Nüfus arttıkça, iş arayan kişi sayısı artar. İş arayan kişi sayısı arttıkça, çalışan kişi başına mevcut iş pozisyonu oranı azalır. Çalışan başına iş pozisyonu azaldıkça, o şehirden dışarı doğru göçler artar. Dışarı göçler arttıkça, şehrin nüfusu azalır. Eğer çalışan başına iş pozisyonu çok yüksekse de bu sefer dışarıdan şehre göçler artar. Dolayısıyla göçler hem pozitif hem de negatif etkiye sahip olabilir.

Ödevde ele alınan model bu kadar. Dikkat ederseniz, bu model aslında fiziksel bir mühendislik sistemine ait değil. Bu model, doğrudan sosyal bilimlerin konusuna giren bir alandan alınmış: Bir şehirdeki nüfus ve iş yerlerinin miktarı. Belki ekonomistlerin, kamu yöneticileriin, kent planlayıcılarının veya yerel coğrafyacıların ilgilenebileceği bir sistem.

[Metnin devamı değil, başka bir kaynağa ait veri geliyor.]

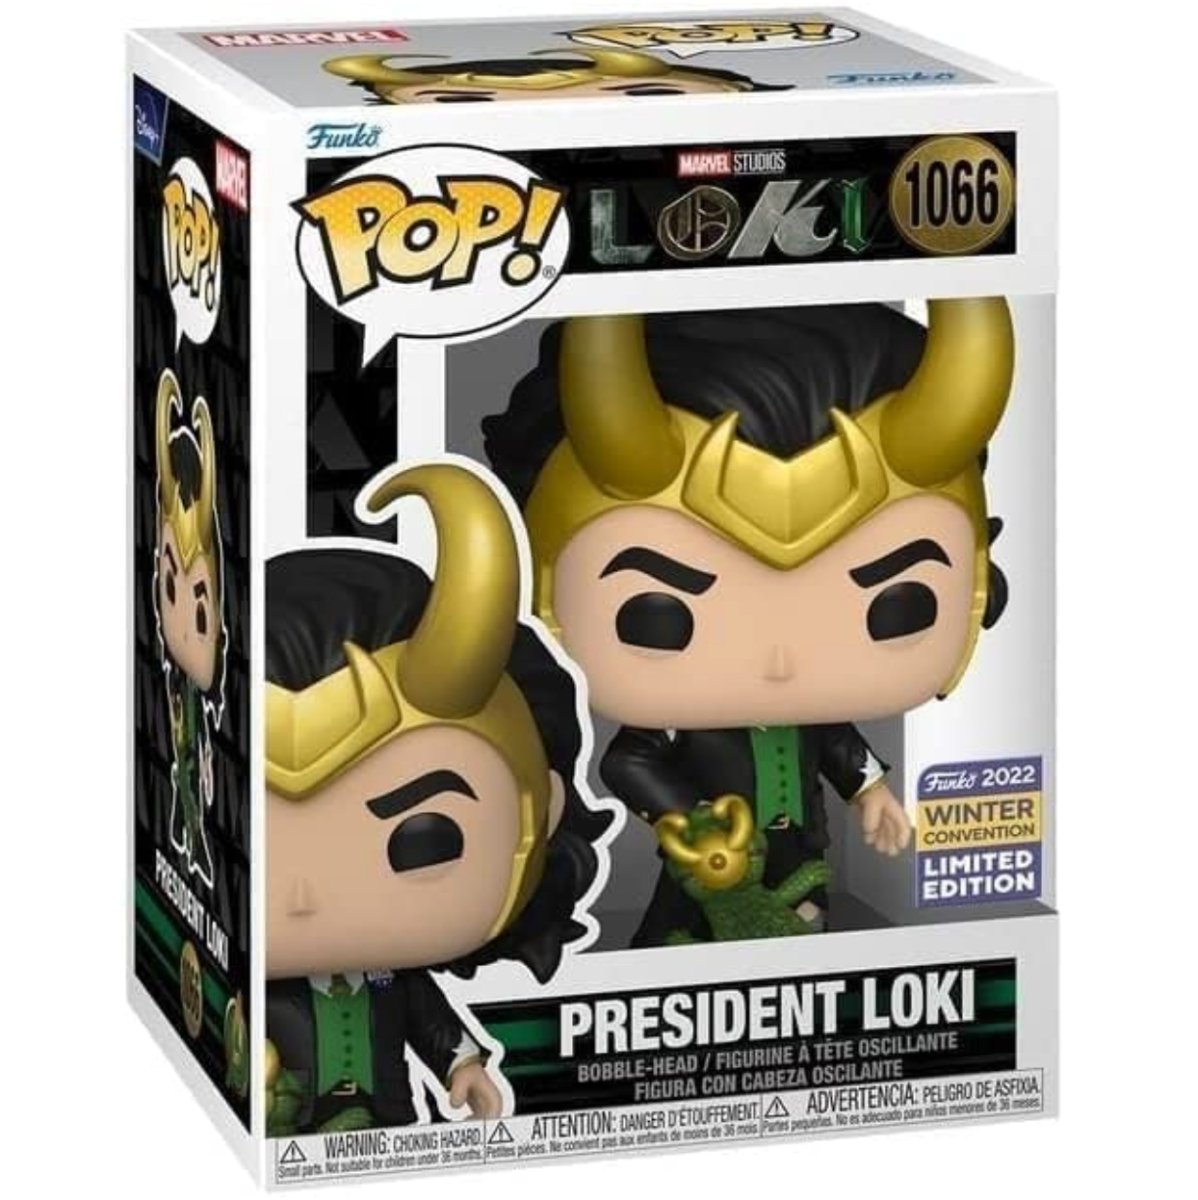 Loki - President Loki [with Alligator] (2022 Winter Convention Limited Edition) #1066 - Funko Pop! Vinyl Marvel - Persona Toys

Şimdi, konuyla ilgilenen sosyal bilimci bir kişi, yukarıdaki sebepsel ilişkilerden çok daha fazlasını muhtemelen biliyordur ve dikkate alıyordur. Fakat sosyal bilimcinin cevap aradığı sorulara, yanıt bulabilmesi için elinde yeterince kolay kullanılabilir, çok güvenilir bir analiz aracı bulunmuyor. En önemli çözümleme aracı herhalde, muhakeme gücü olacaktır. Bu da çok değerli, fakat muhakemeyle ulaşılan sonuçların başka araçlarla da sağlamasının yapılması gerekir.

Sosyal bilimci, eğer matematiğe ilgiliyse, yukarıdaki ilişkileri nicel fonksiyonlarla ifade ettikten sonra, ortaya çıkan diferansiyel denklem sistemini çözerek, sistemin dinamiklerini bulabilir. Fakat sorun şu ki, ortaya çıkan diferansiyel denklem sistemini çözmek gerçek sosyo-ekonomik problemlerde çoğu zaman mümkün değil. Bu ödev olduğundan basit tutuldu, sadece iki tane diferansiyel denklem var. Bu yüzden çözülebiliyor. Ödevi geri aldığımda bunları yazacağım. Şimdi tekrar türetmekle uğraşmaya eriniyorum :)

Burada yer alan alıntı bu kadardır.